Friday, April 28, 2006

ITIL and aligning Business to IT

Earlier this week I attended a seminar titled "ITIL and Aligning Business to IT". I wondered what the connection was and how can ITIL facilitate the nemesis of all CIOs "IT-Business alignment" considering that ITIL has been around for over 20 years and rarely this connection has been made.

Information Technology Infrastructure Library developed in the UK for controlling the chaos in IT services and creating a consistency in what IT does remained a good case study for long until it became obvious to many that there were indeed a few good practices that could be adopted by other IT Organizations to improve their internal ratings with their customers.

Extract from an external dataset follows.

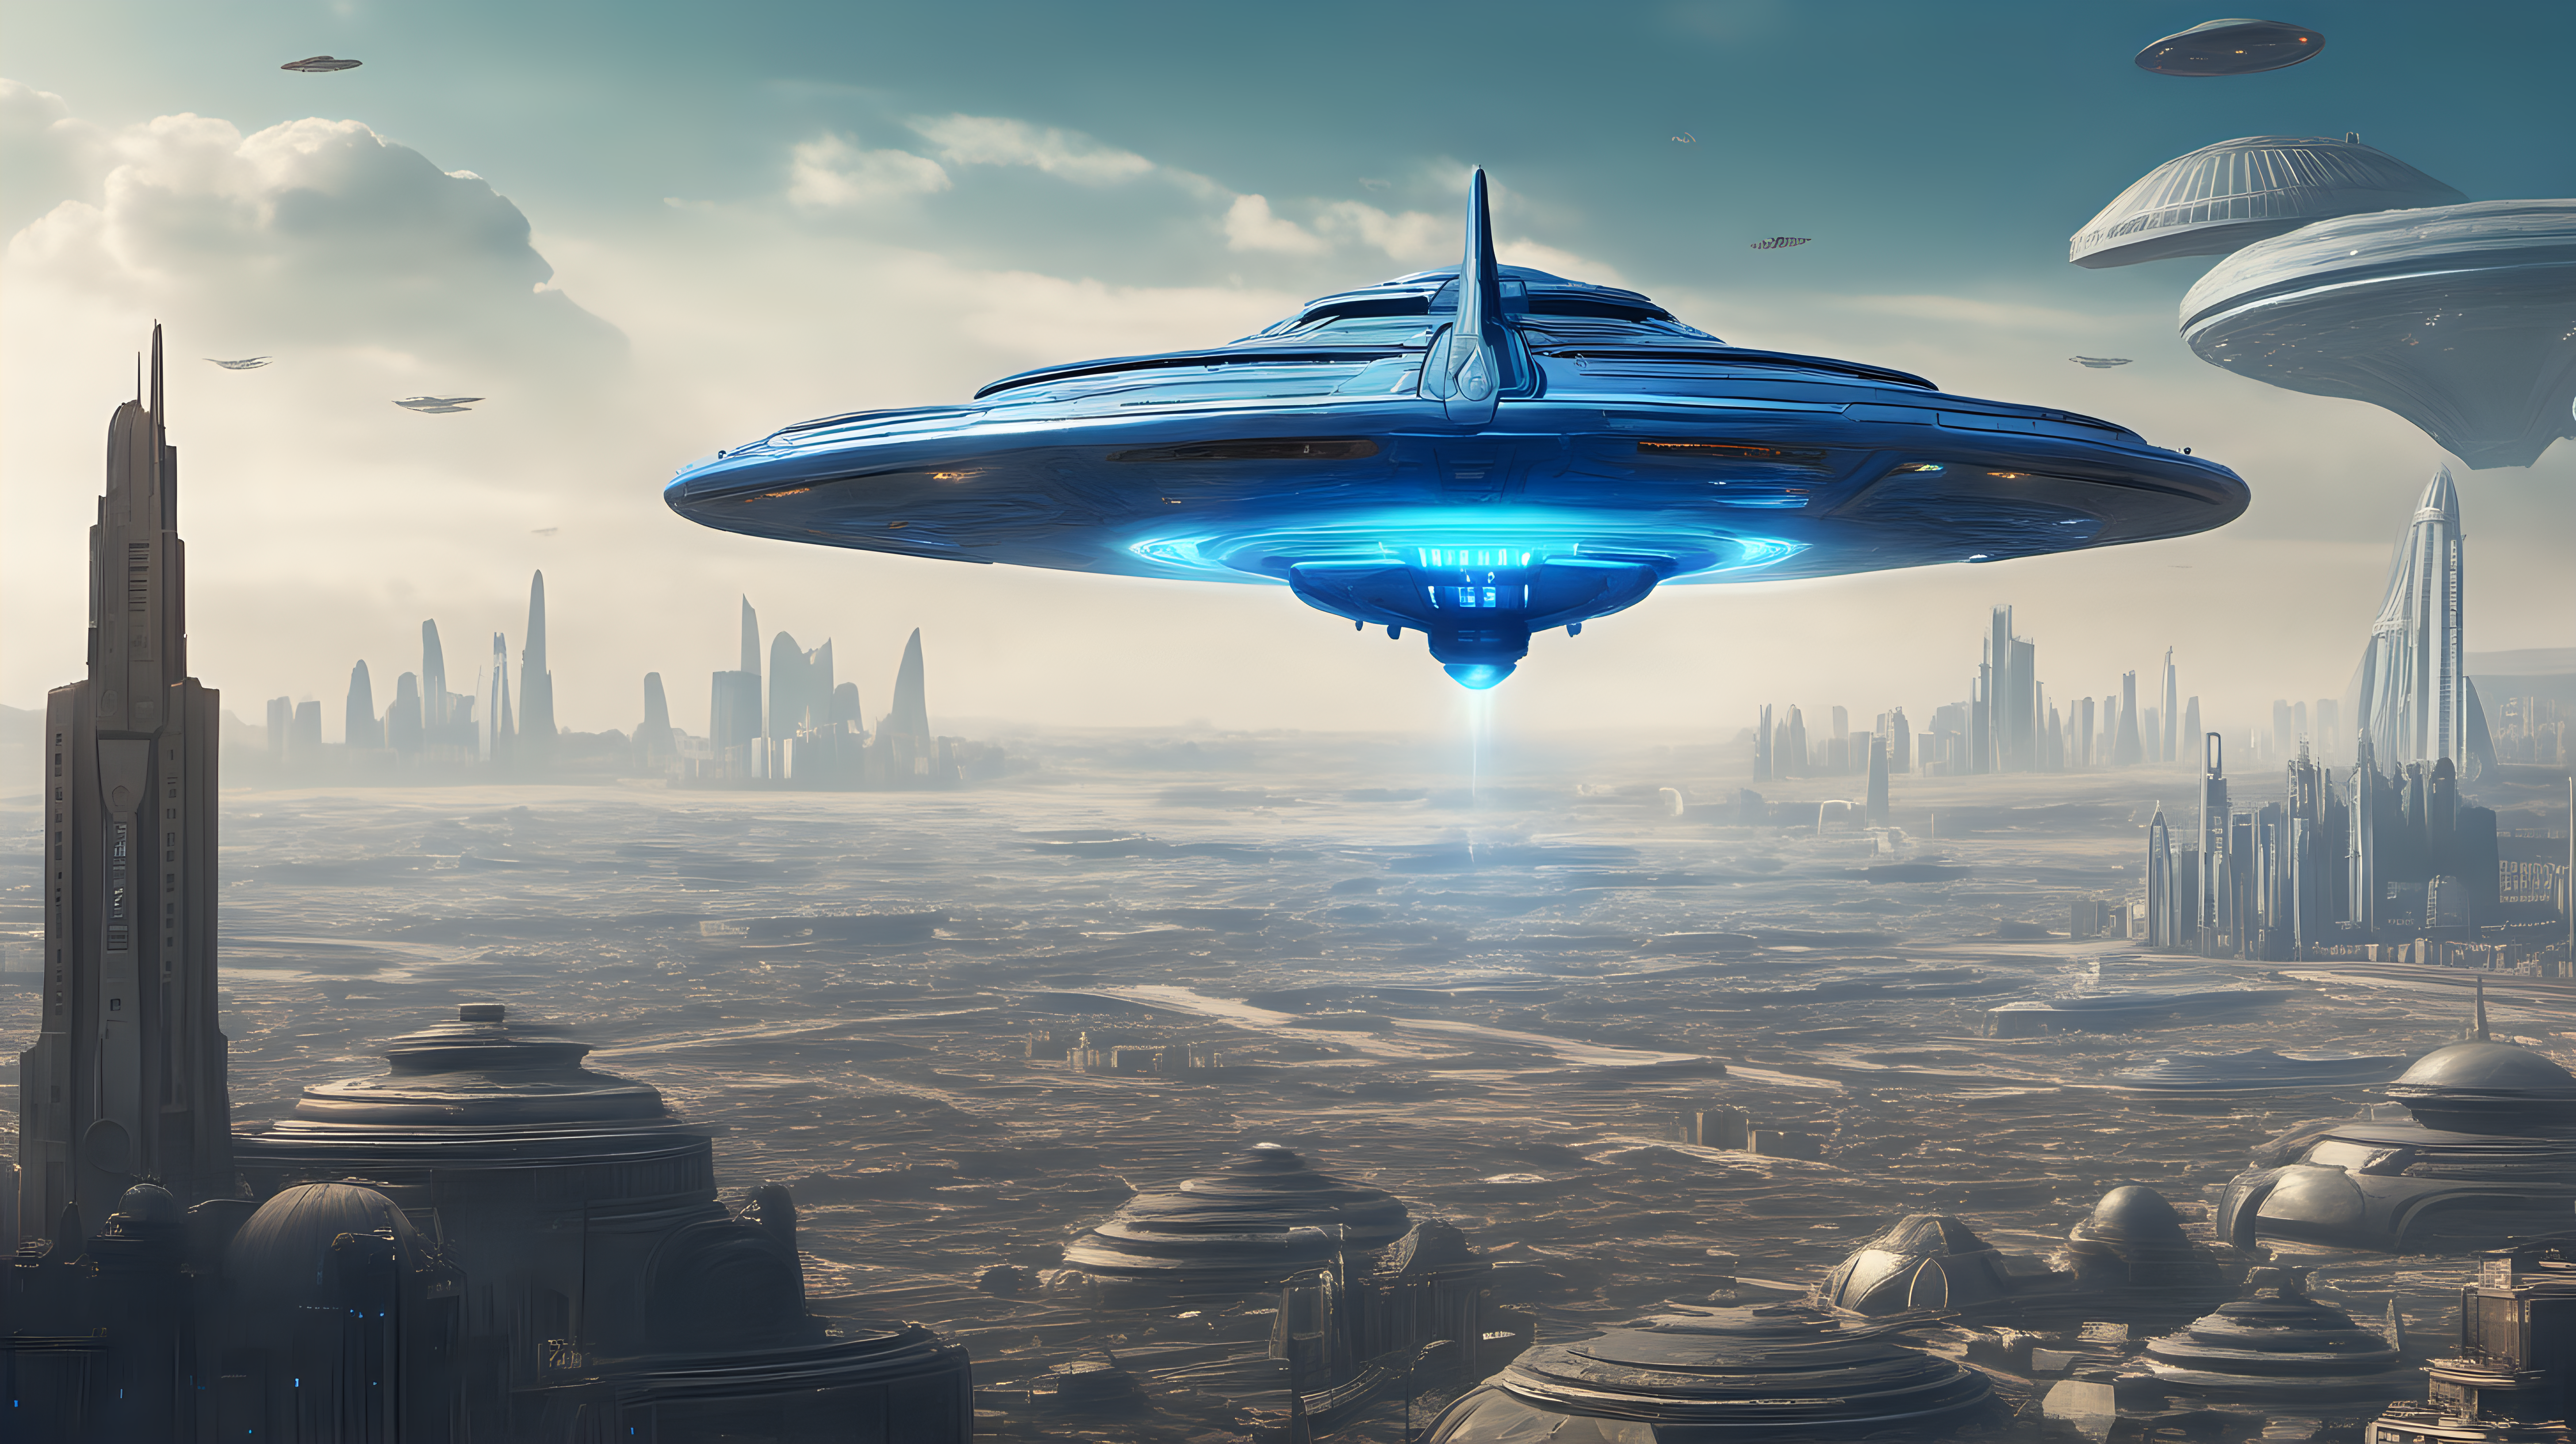 A blue alien spacecraft hovering in the foreground, a huge alien city in the background.

Consultants created practices, Software organizations started talking about ITIL compliant tools and suddenly a market for ITIL certified professionals began to appear.

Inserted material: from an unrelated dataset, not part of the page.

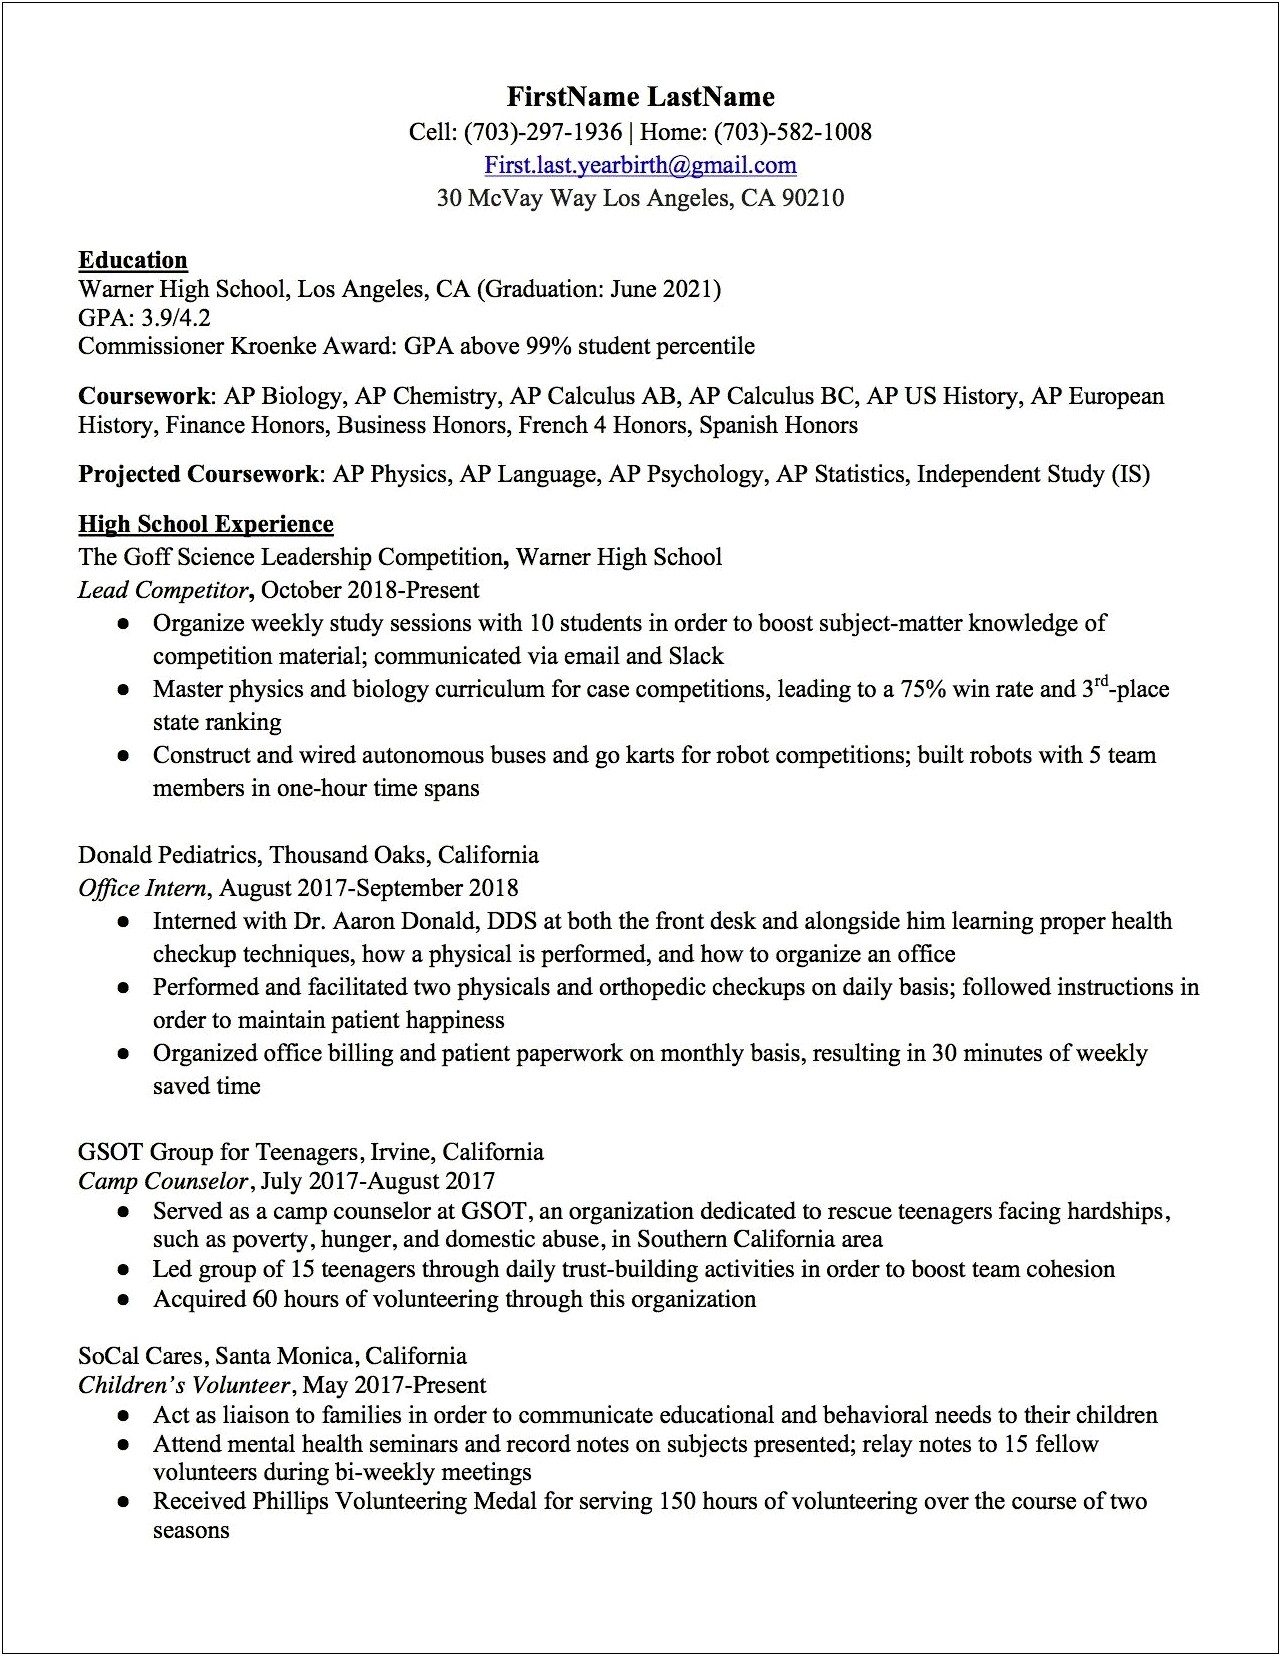 Resume Format School At Top Or Bottom

Having implemented ITIL practices across two different companies in the last 3 years, I was wondering how the SDIM (Service Delivery Incident Management) and other formalized practices like Change management, Configuration management etc will help create a better business alignment if the underlying technology or solution is not compliant to business requirements or if your customers don't like the way you look.

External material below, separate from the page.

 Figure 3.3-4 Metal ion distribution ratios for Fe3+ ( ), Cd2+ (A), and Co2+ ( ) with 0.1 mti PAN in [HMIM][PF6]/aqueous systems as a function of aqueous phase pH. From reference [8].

As the seminar unfolded, we had the vendors' view of how their tools bring you closer to the holy grail and then a consultant from the big consulting organizations presented his perspective. It was but fortunate for me that the subsequent panel discussion between CIOs, the vendor and the consultant had one dropout and thus creating an opening for me to be called upon to fill in the gap. It's becoming a bit irritating to be pulled off the audience onto the stage regularly with no preparation.

So I asked the question to the panel braving brickbats from the audience for asking such a stupid thing.

ITIL provides consistency in service delivery that comprises typically 70-80% of the activity carried out by most IT organizations. It ensures that the experience does not have elements of surprise irrespective of rank and order in the enterprise. ITIL defines everything explicitly and expects commitment to deliver which some IT shops do extremely well and a few even with internal Service Level Agreements (SLA).

The underlying assumptions being that the systems, hardware, networks etc are well crafted and architected, services and service levels promised are in line with expectations and effective usage of these systems by the users, ITIL will create harmonious co-existence between IT and business. There you are !

Now you know how ITIL will help you align IT with business ? No ? Then if you find the answer let me also know.